▶ **WHAT YOU ARE ASKED TO DO**
Leave out the pictures and reproduce all of the data exactly.

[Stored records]
***
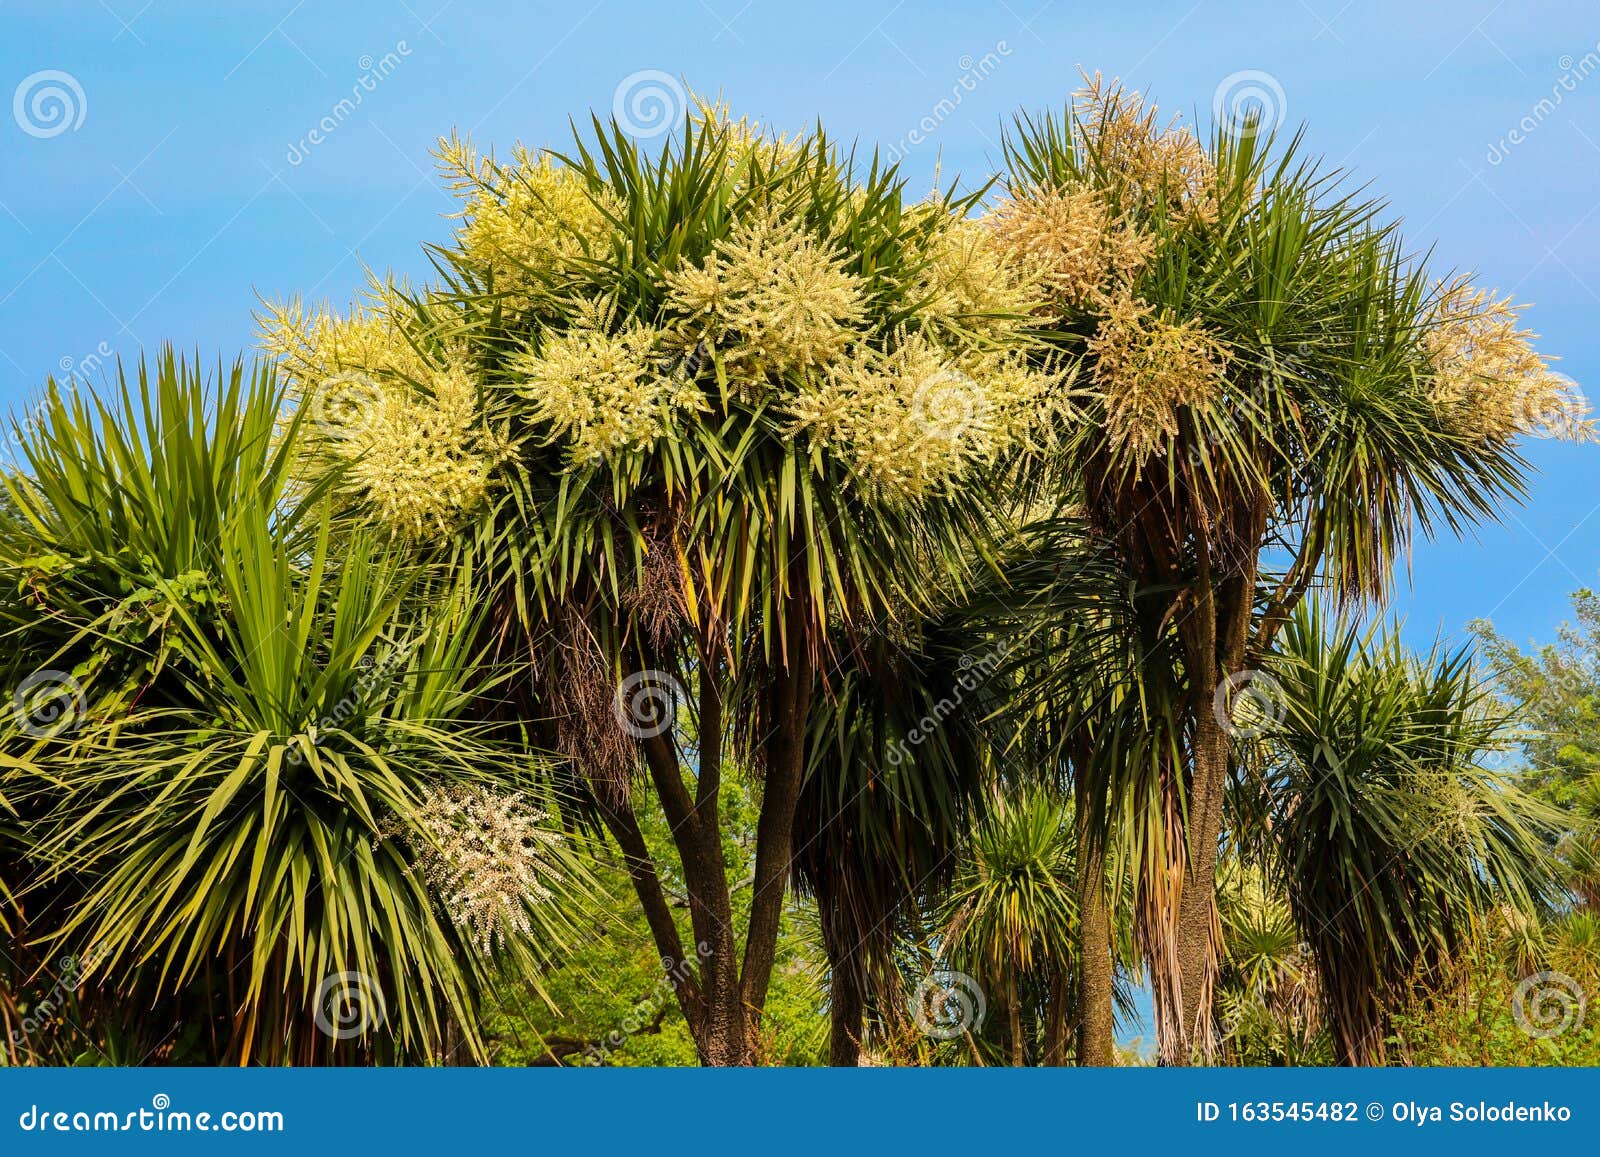 TÌNH YÊU CÂY CỎ ĐV4 - Page 82 Blooming-cordyline-australis-trees-cabbage-tree-palm-park-163545482
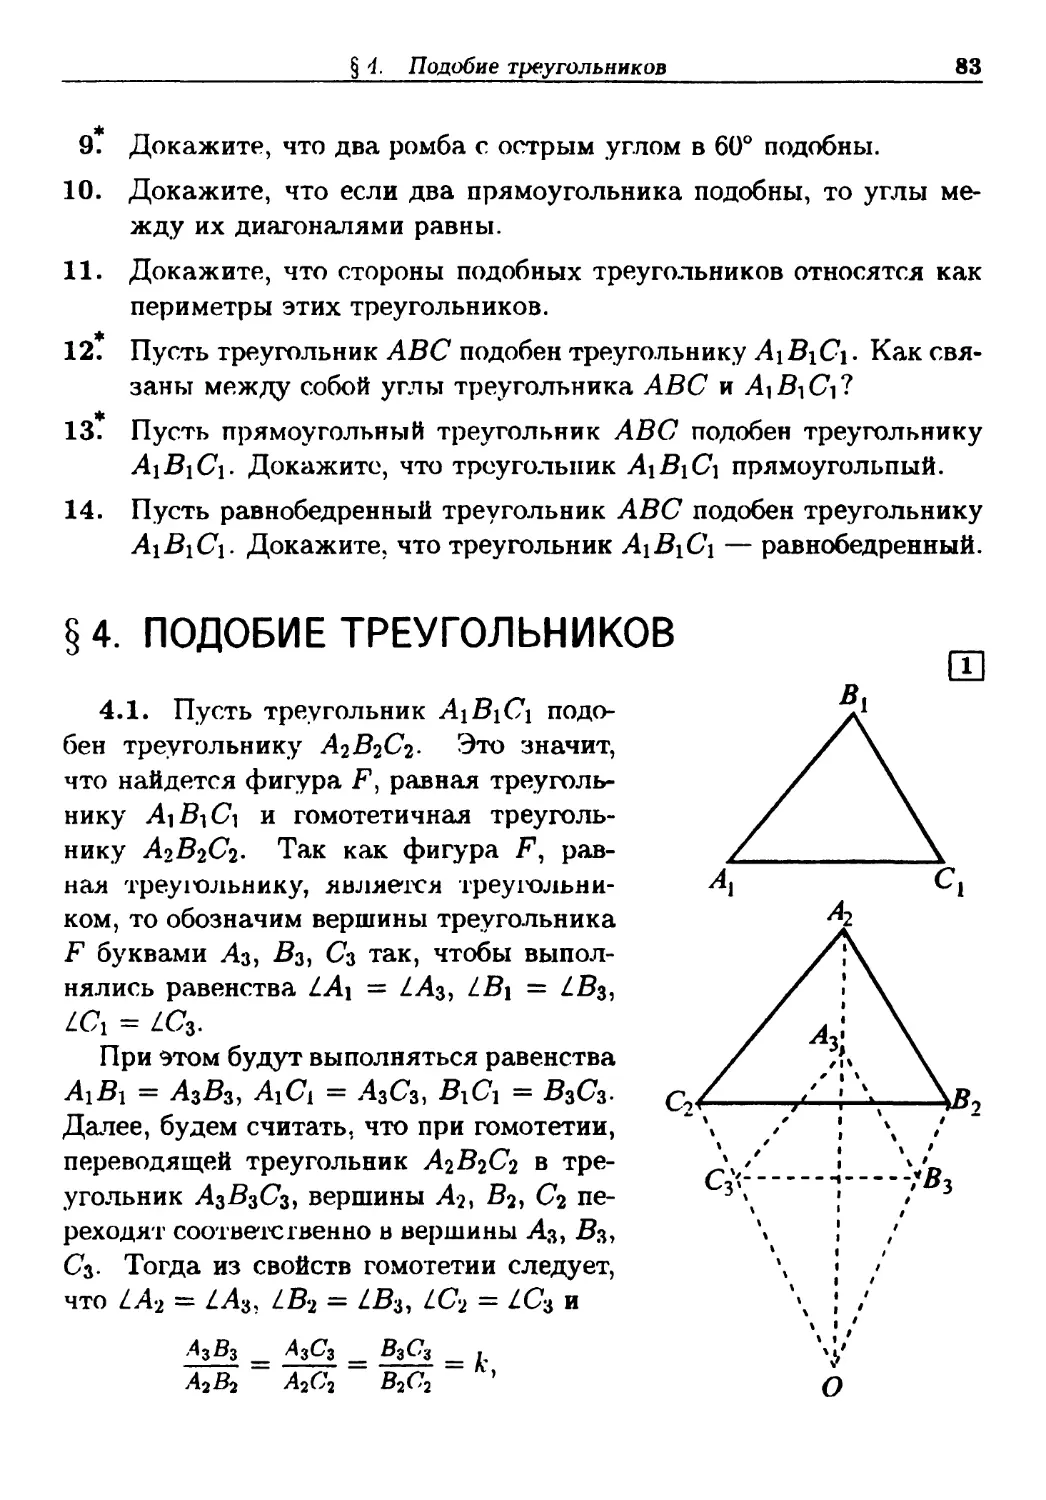 §4. Подобие треугольников
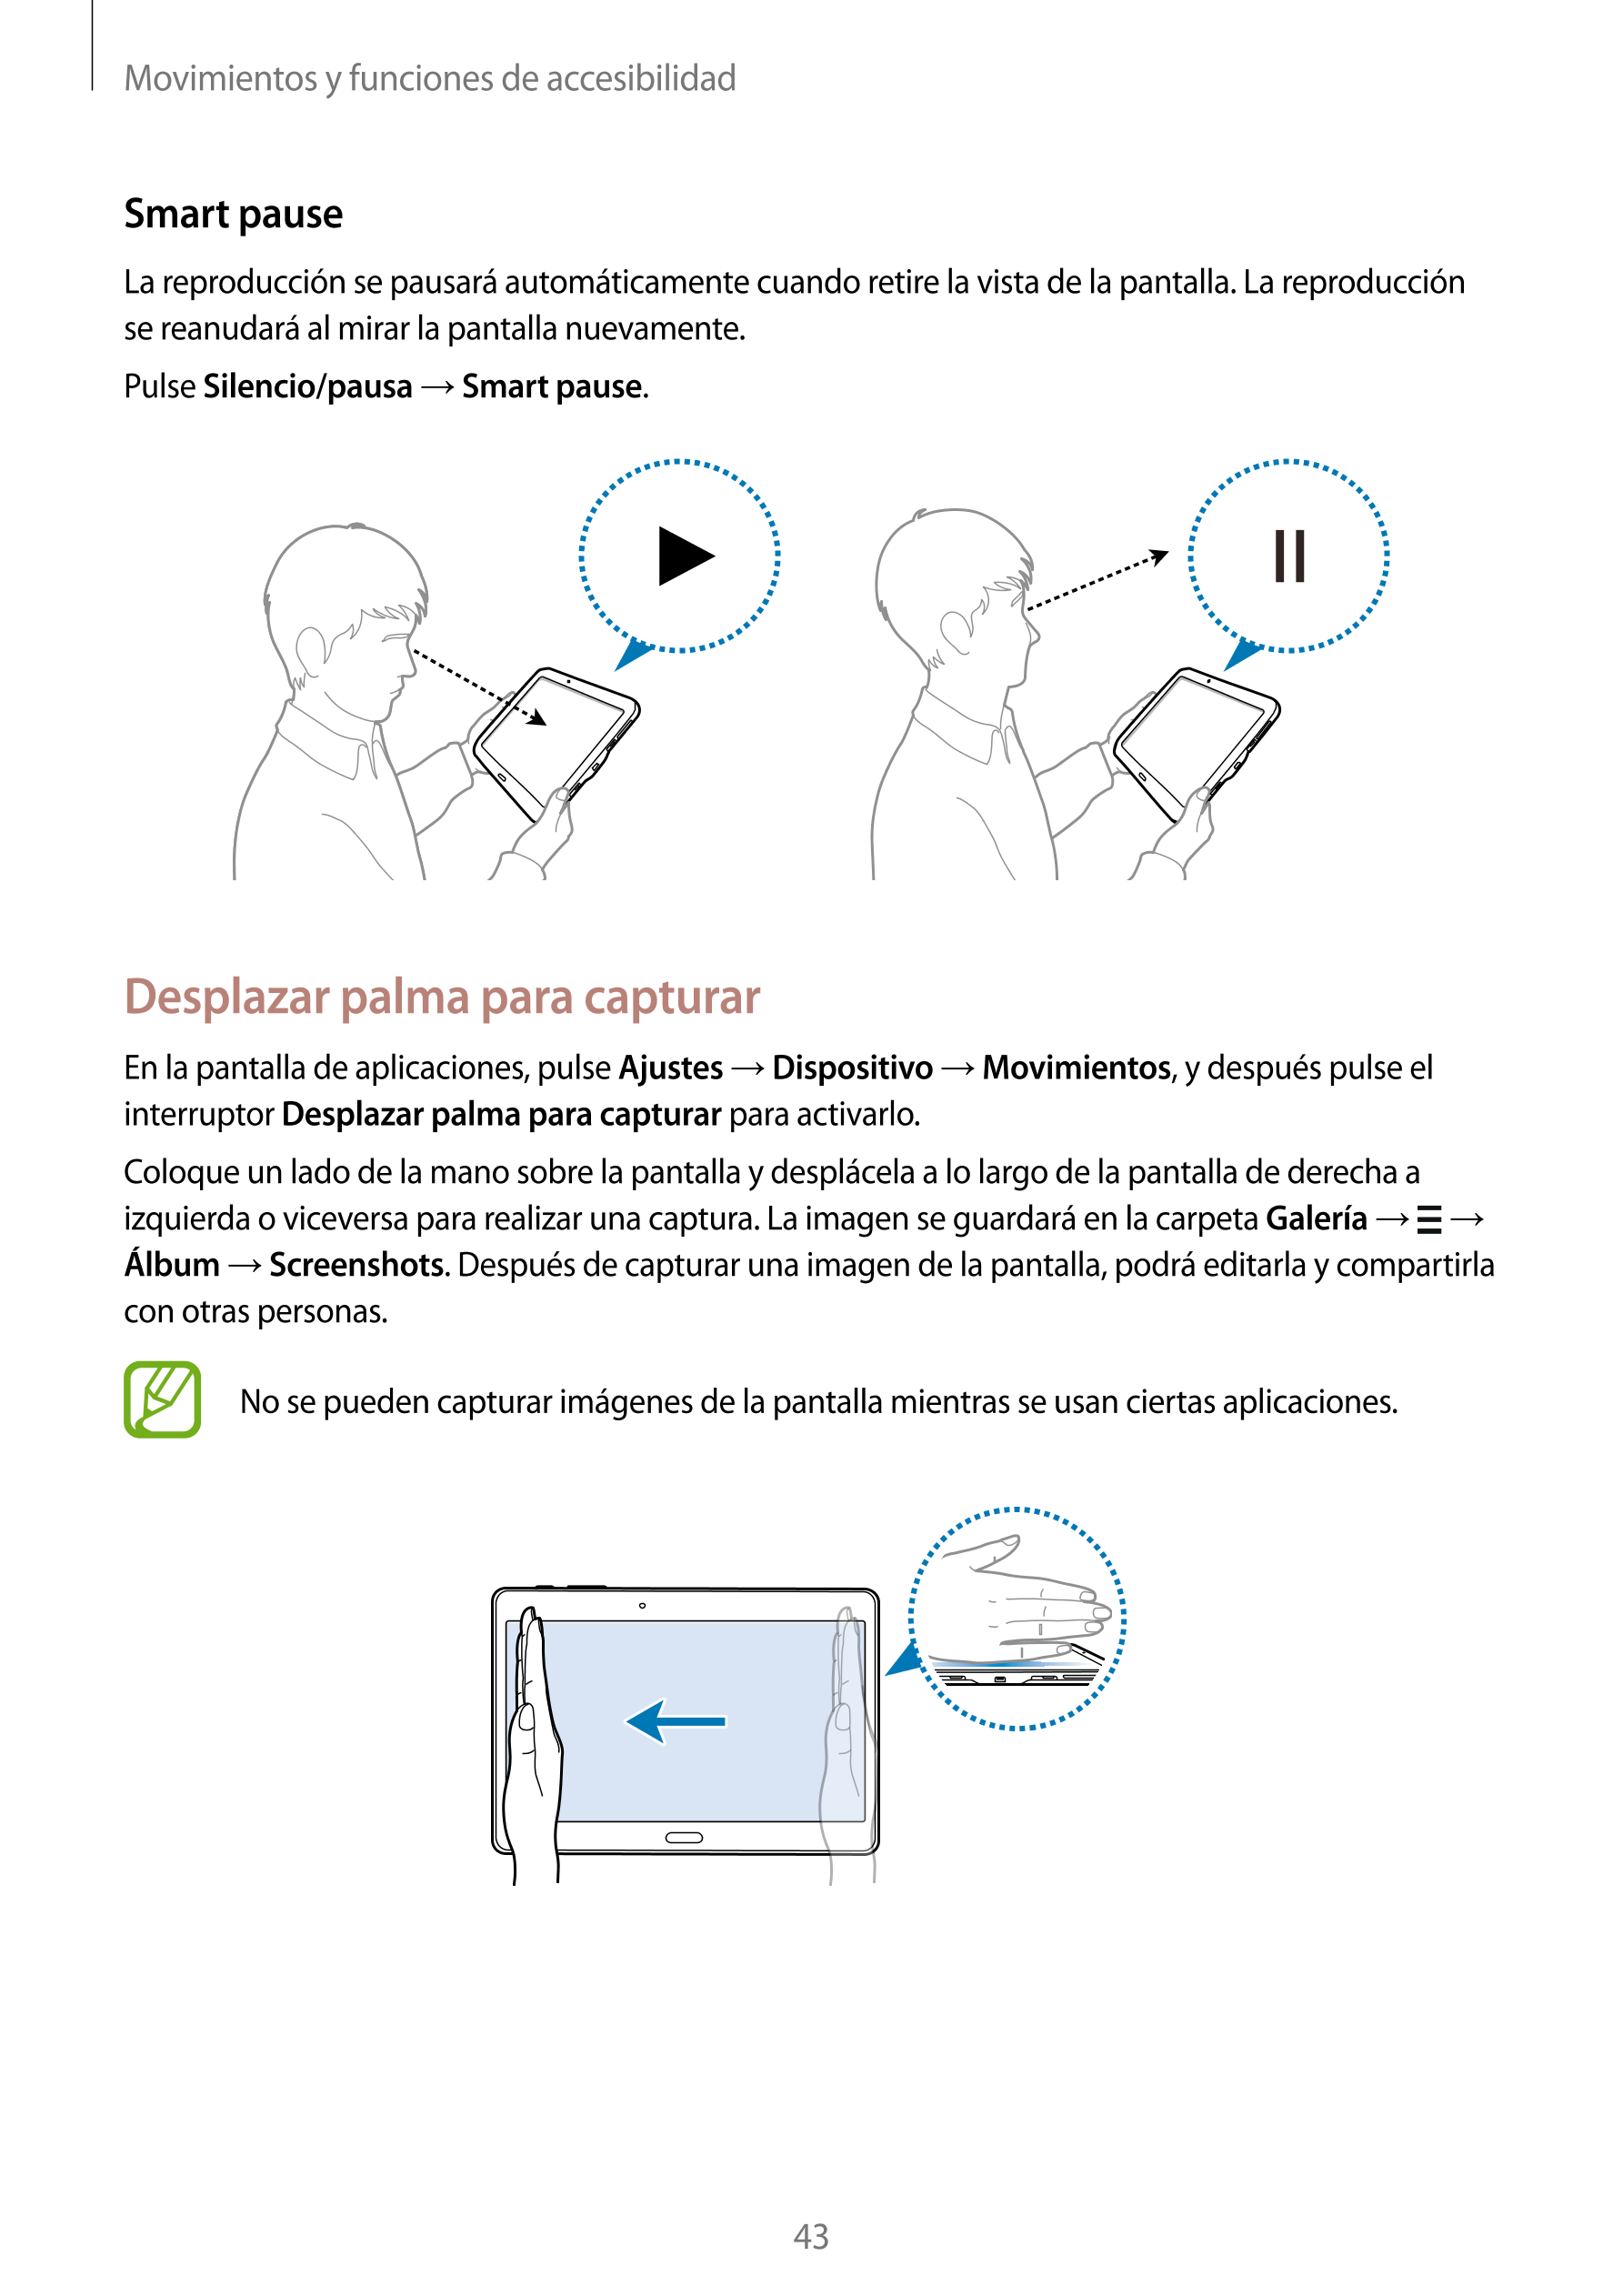 Movimientos y funciones de accesibilidad
Smart pause
La reproducción se pausará automáticamente cuando retire la vista de la pan
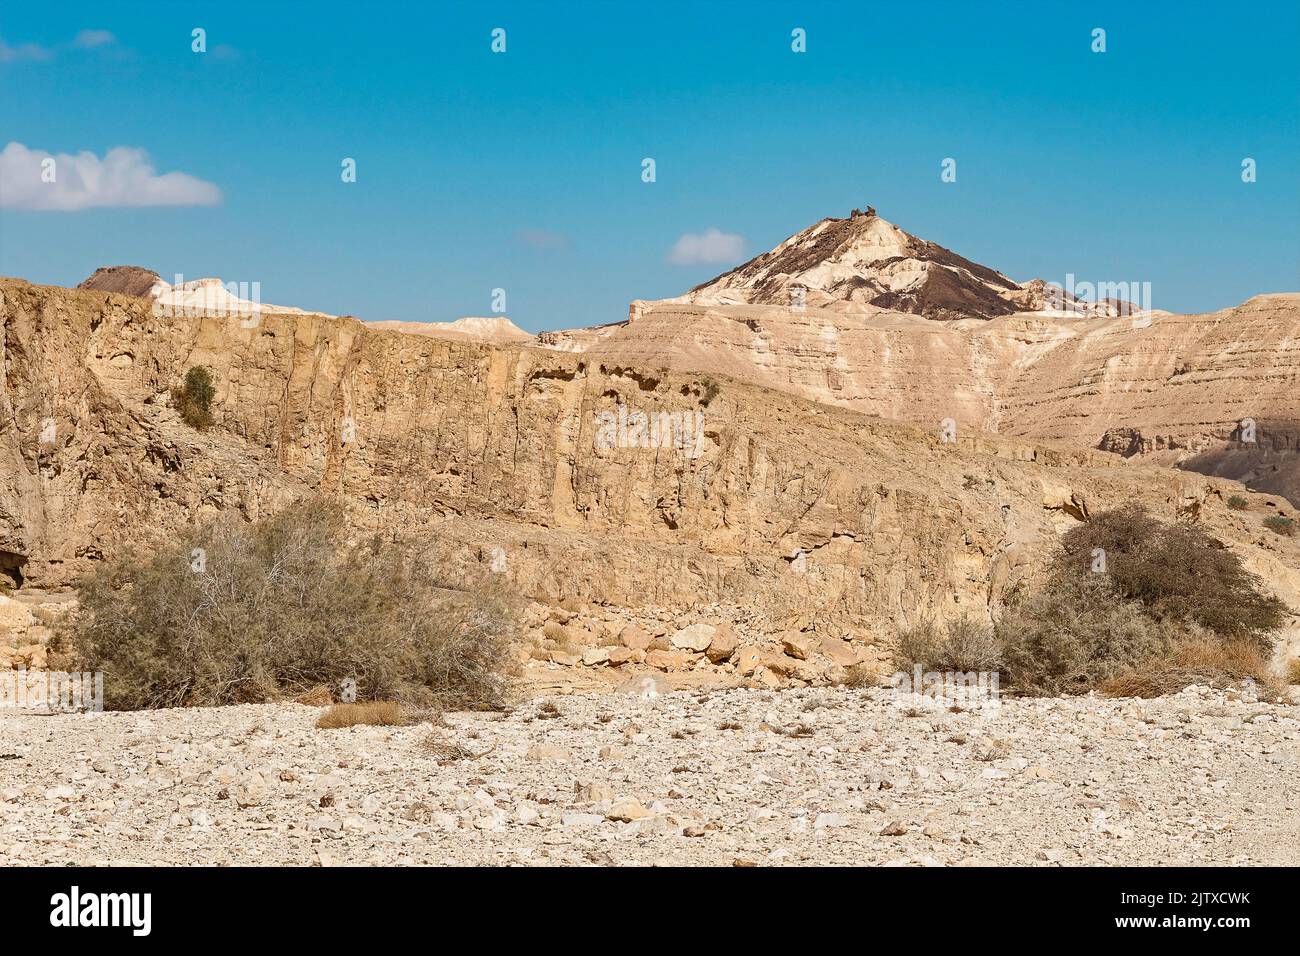 Ein krabbenförmiger Felsblock auf einem vulkanförmigen Kalkstein- und Steinhügel in Israel hinter dem Nekarot-Bach mit blauem Himmel im Hintergrund Stockfoto
***
▶ **RESULT OF THIS EXERCISE**
 TÌNH YÊU CÂY CỎ ĐV4 - Page 82 Blooming-cordyline-australis-trees-cabbage-tree-palm-park-163545482
 §4. Подобие треугольников
 Movimientos y funciones de accesibilidad
Smart pause
La reproducción se pausará automáticamente cuando retire la vista de la pan
 Ein krabbenförmiger Felsblock auf einem vulkanförmigen Kalkstein- und Steinhügel in Israel hinter dem Nekarot-Bach mit blauem Himmel im Hintergrund Stockfoto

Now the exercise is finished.